- _Task requirements_: Please transcribe the data below exactly. Leave the pictures out.

- _Information shown_:
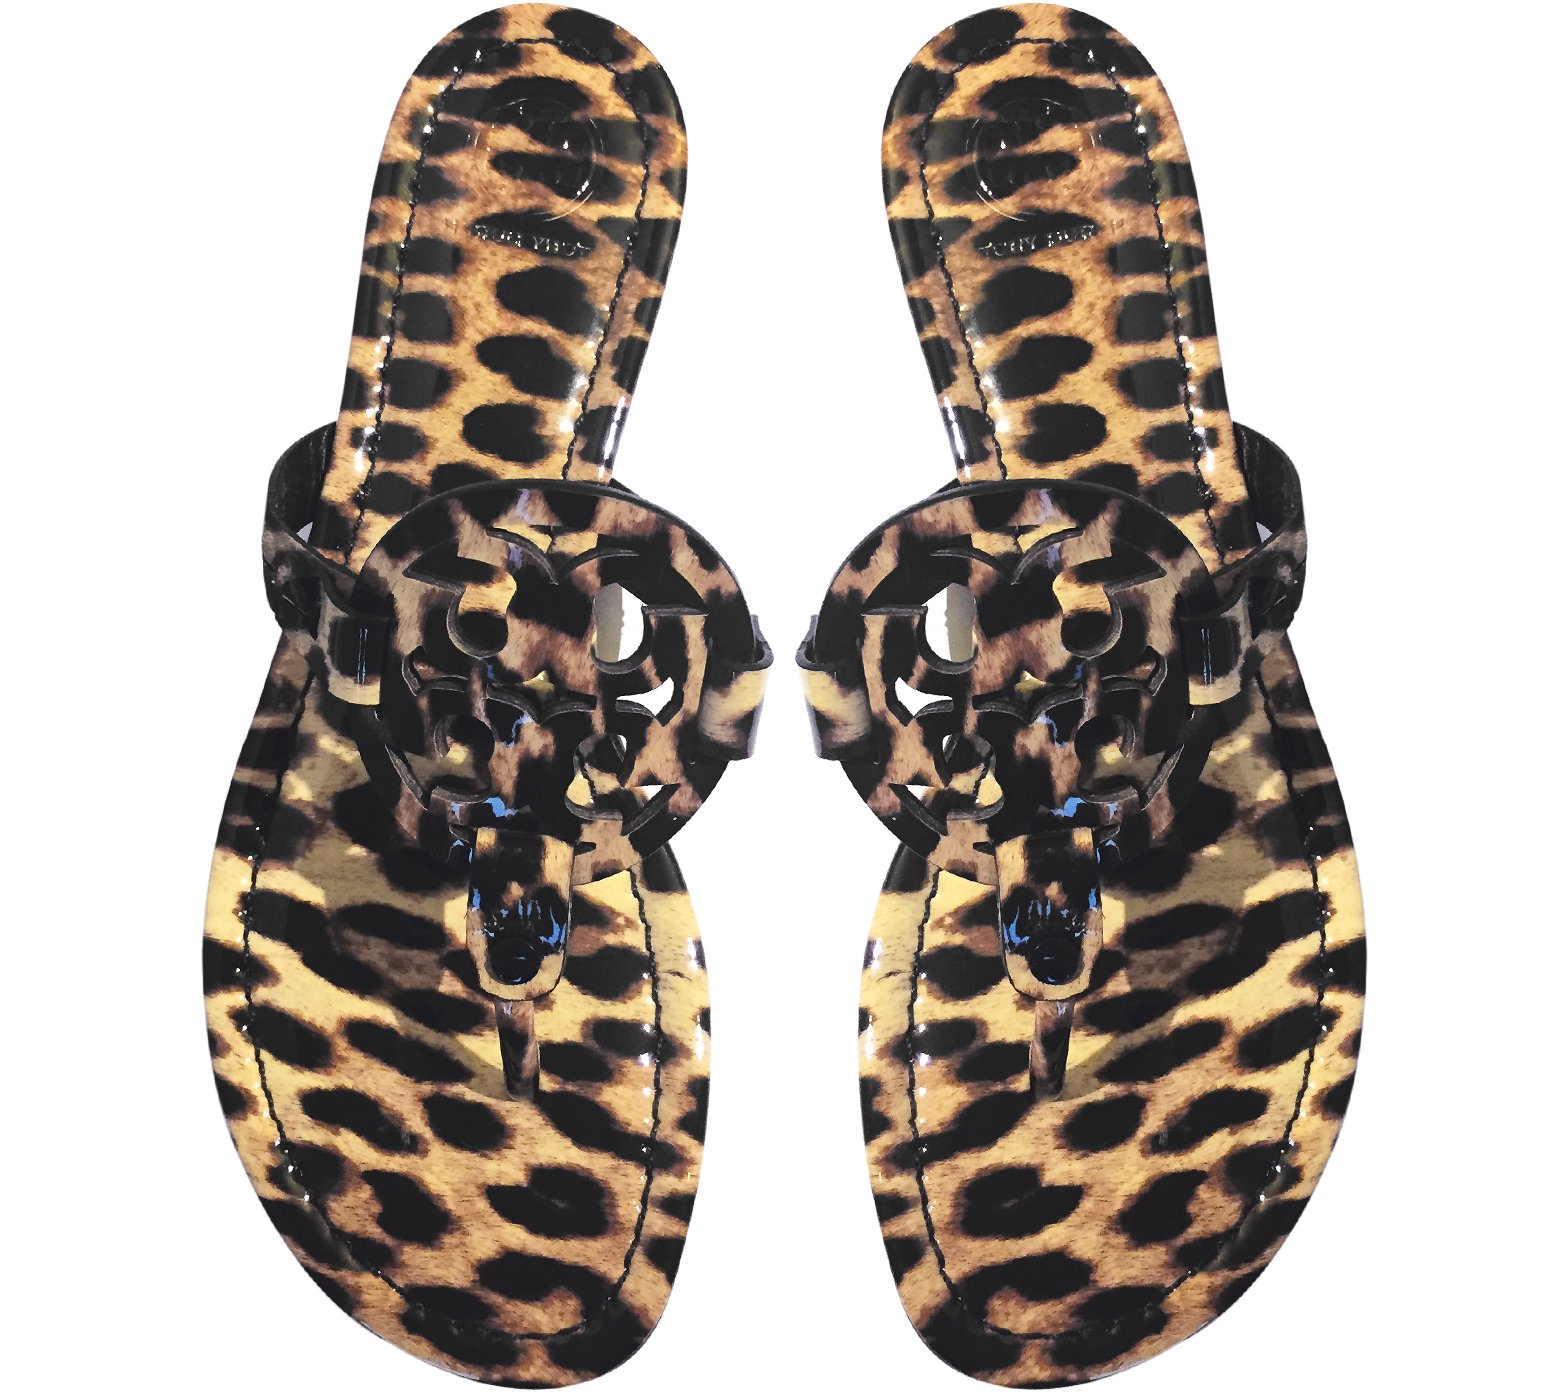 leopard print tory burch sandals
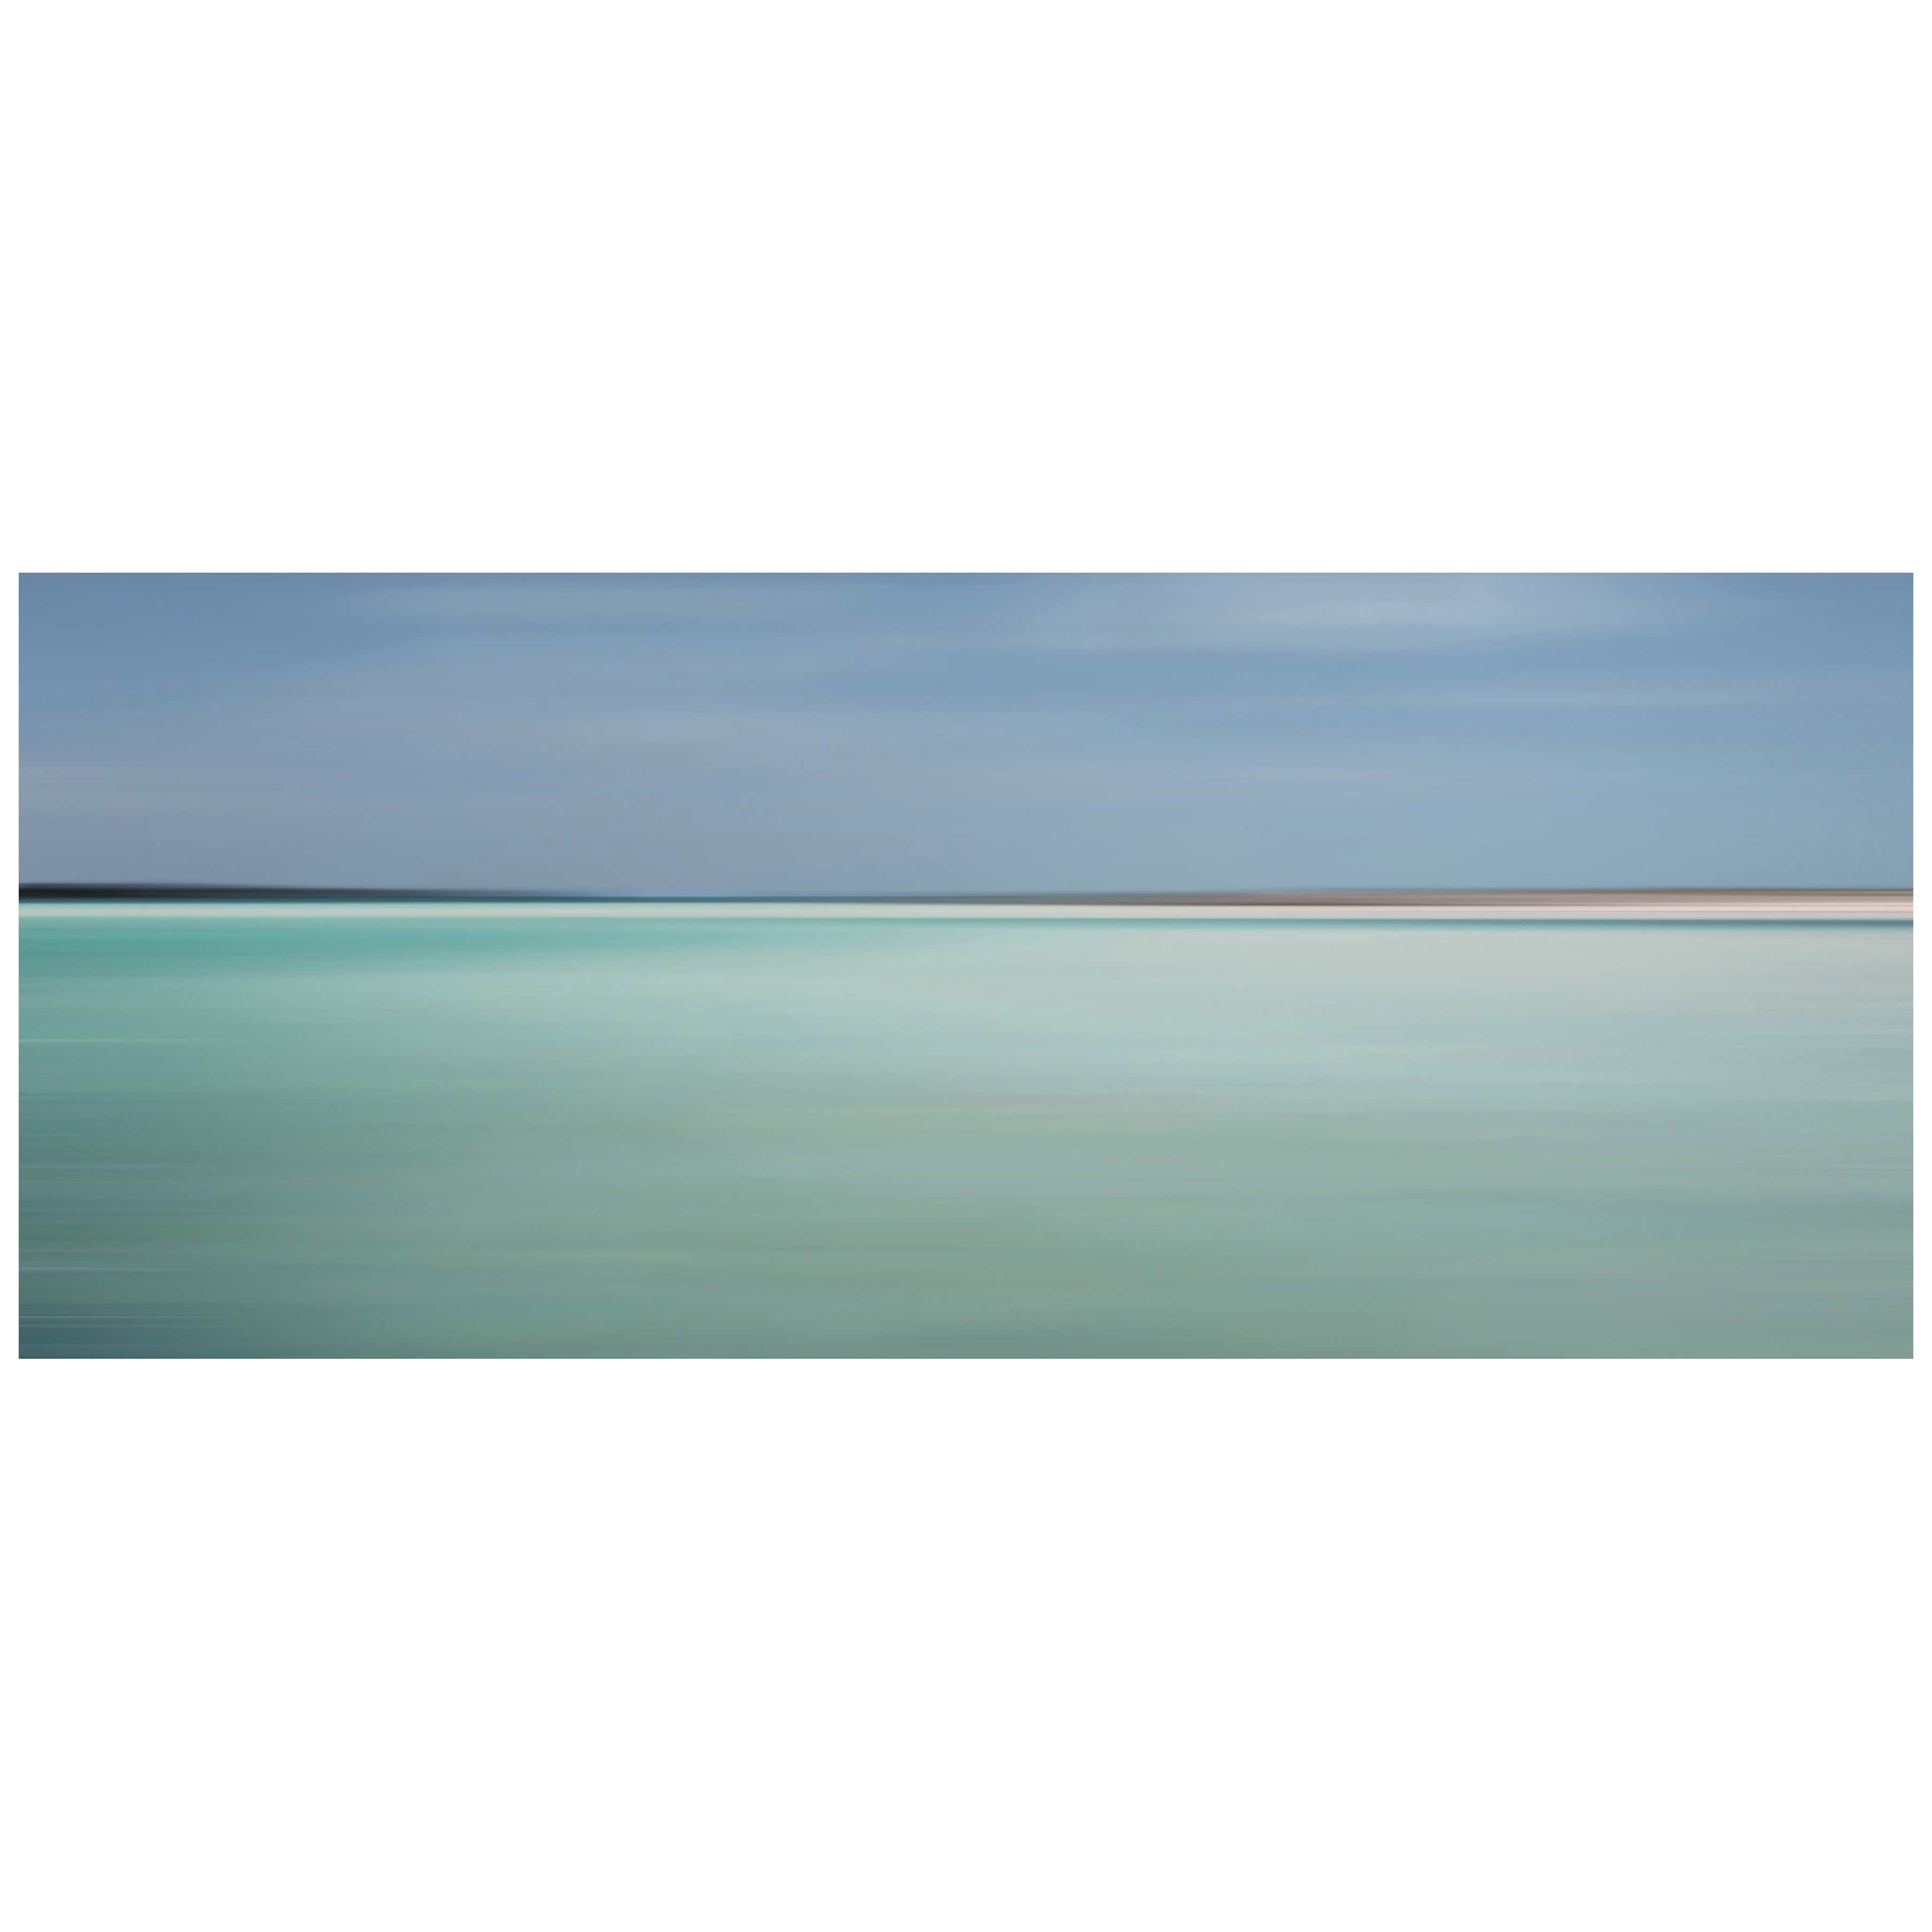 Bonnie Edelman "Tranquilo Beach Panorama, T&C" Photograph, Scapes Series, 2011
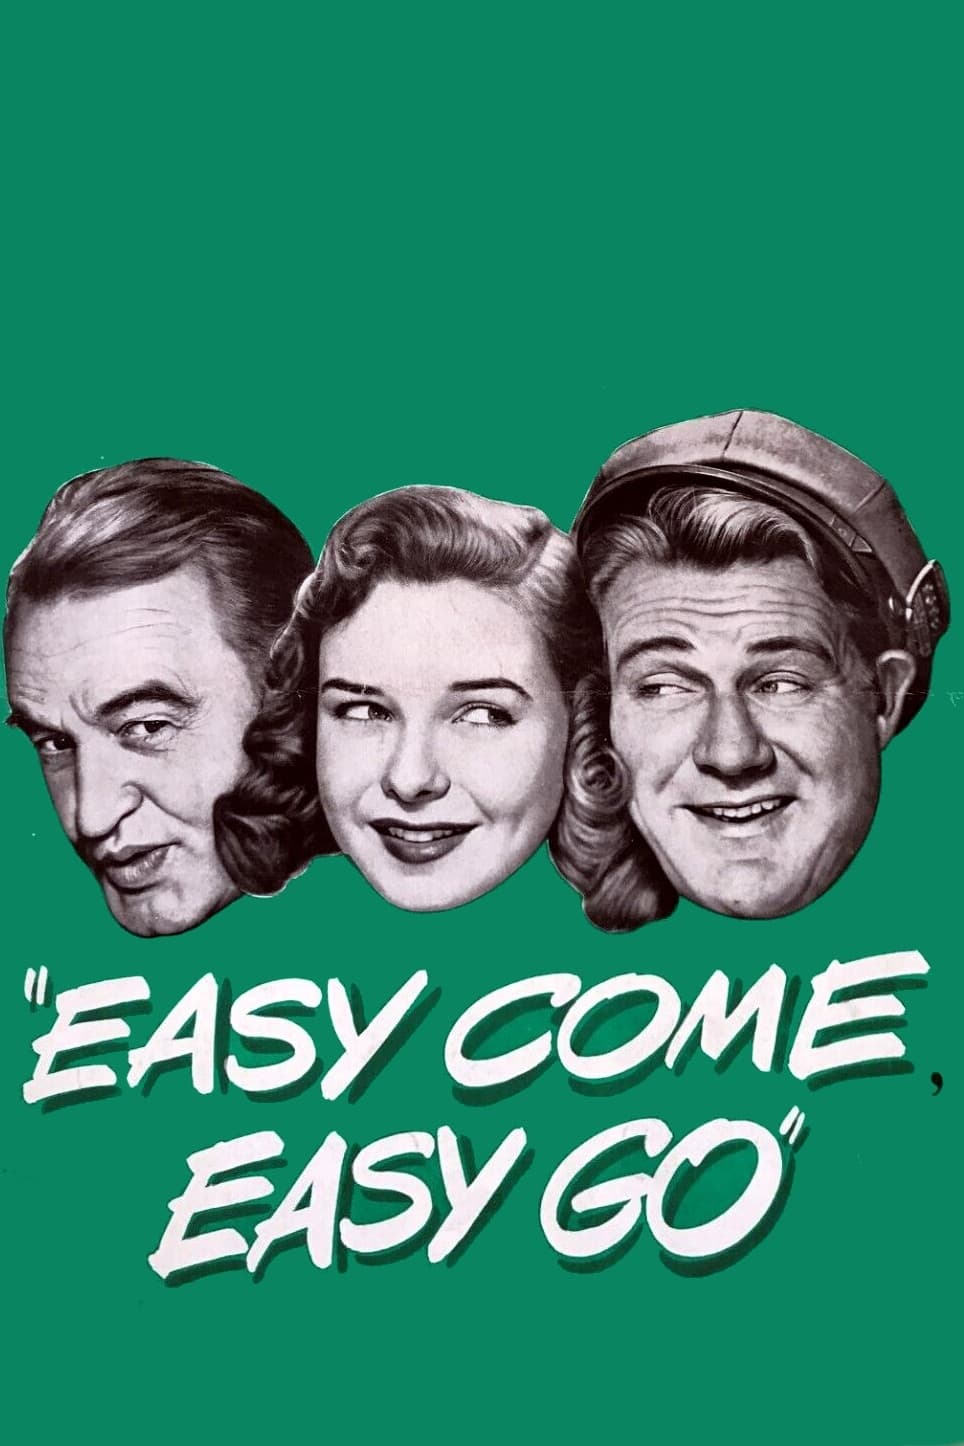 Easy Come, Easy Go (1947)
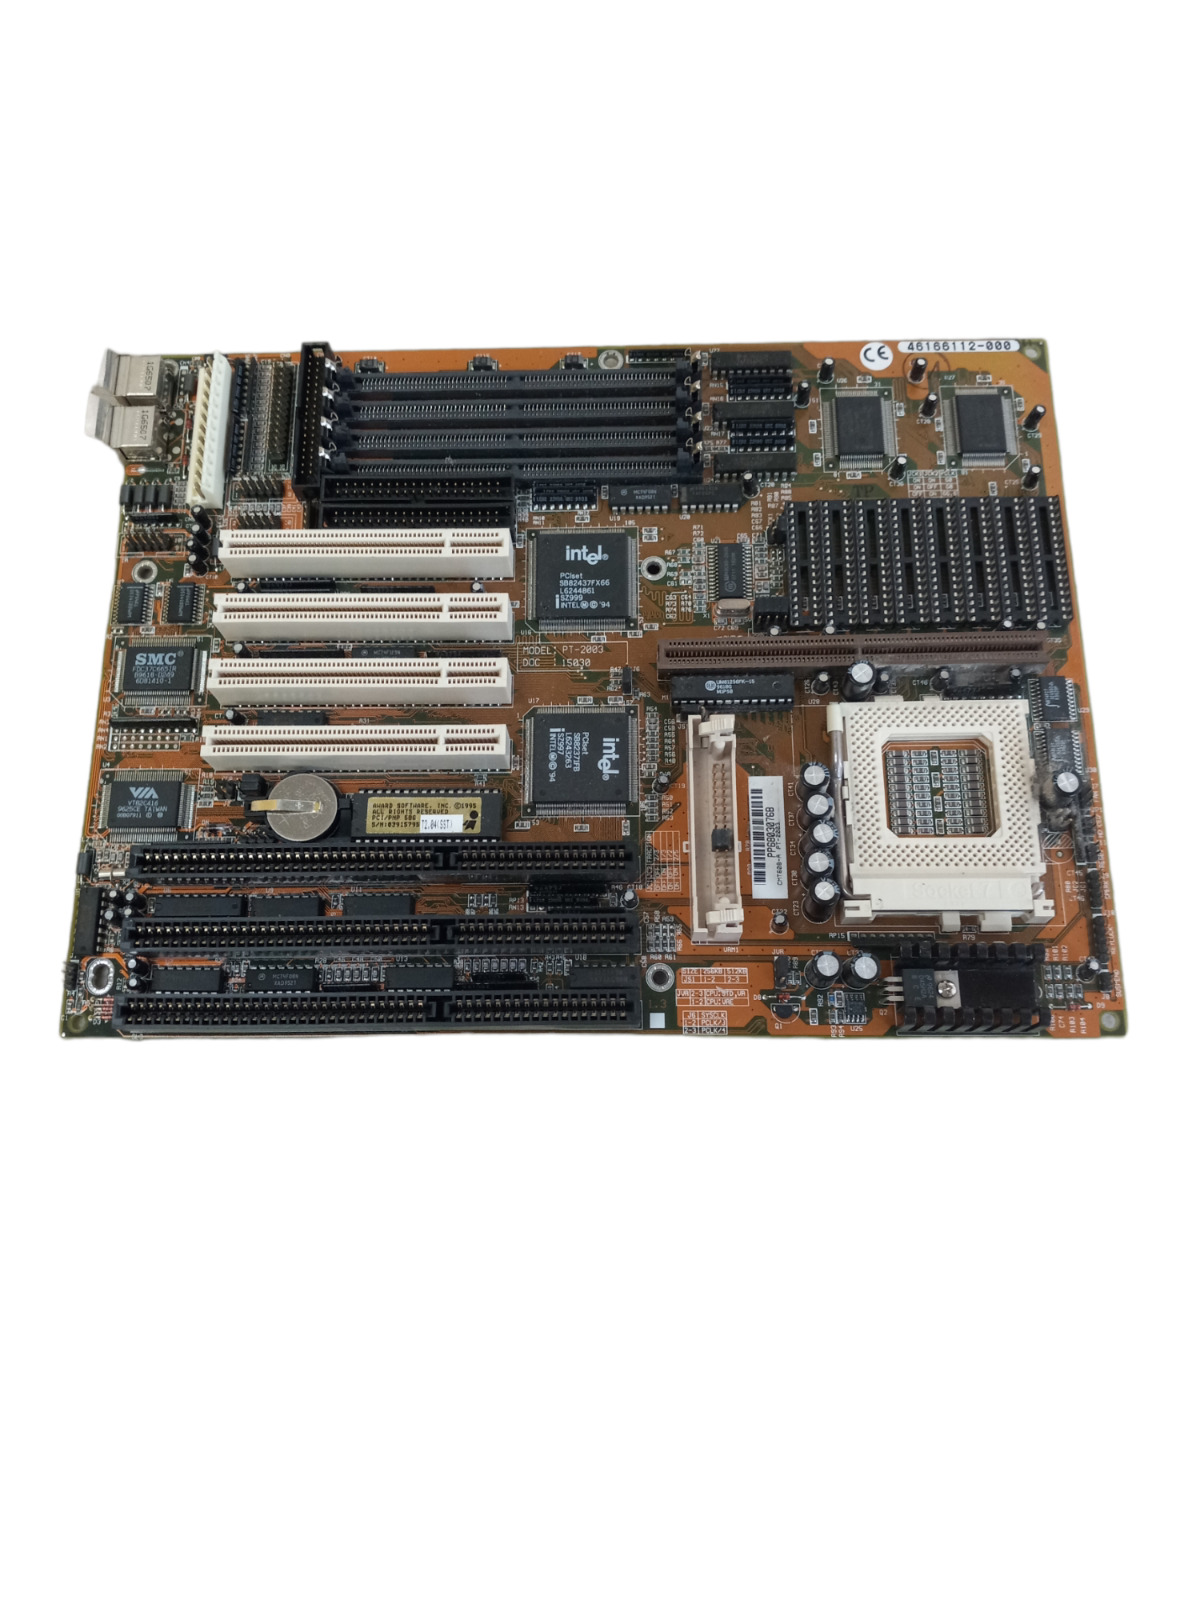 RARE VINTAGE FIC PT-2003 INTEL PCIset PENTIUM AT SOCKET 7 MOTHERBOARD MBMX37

- _Exercise response_:
 leopard print tory burch sandals
 Bonnie Edelman "Tranquilo Beach Panorama, T&C" Photograph, Scapes Series, 2011
 Easy Come, Easy Go (1947)
 RARE VINTAGE FIC PT-2003 INTEL PCIset PENTIUM AT SOCKET 7 MOTHERBOARD MBMX37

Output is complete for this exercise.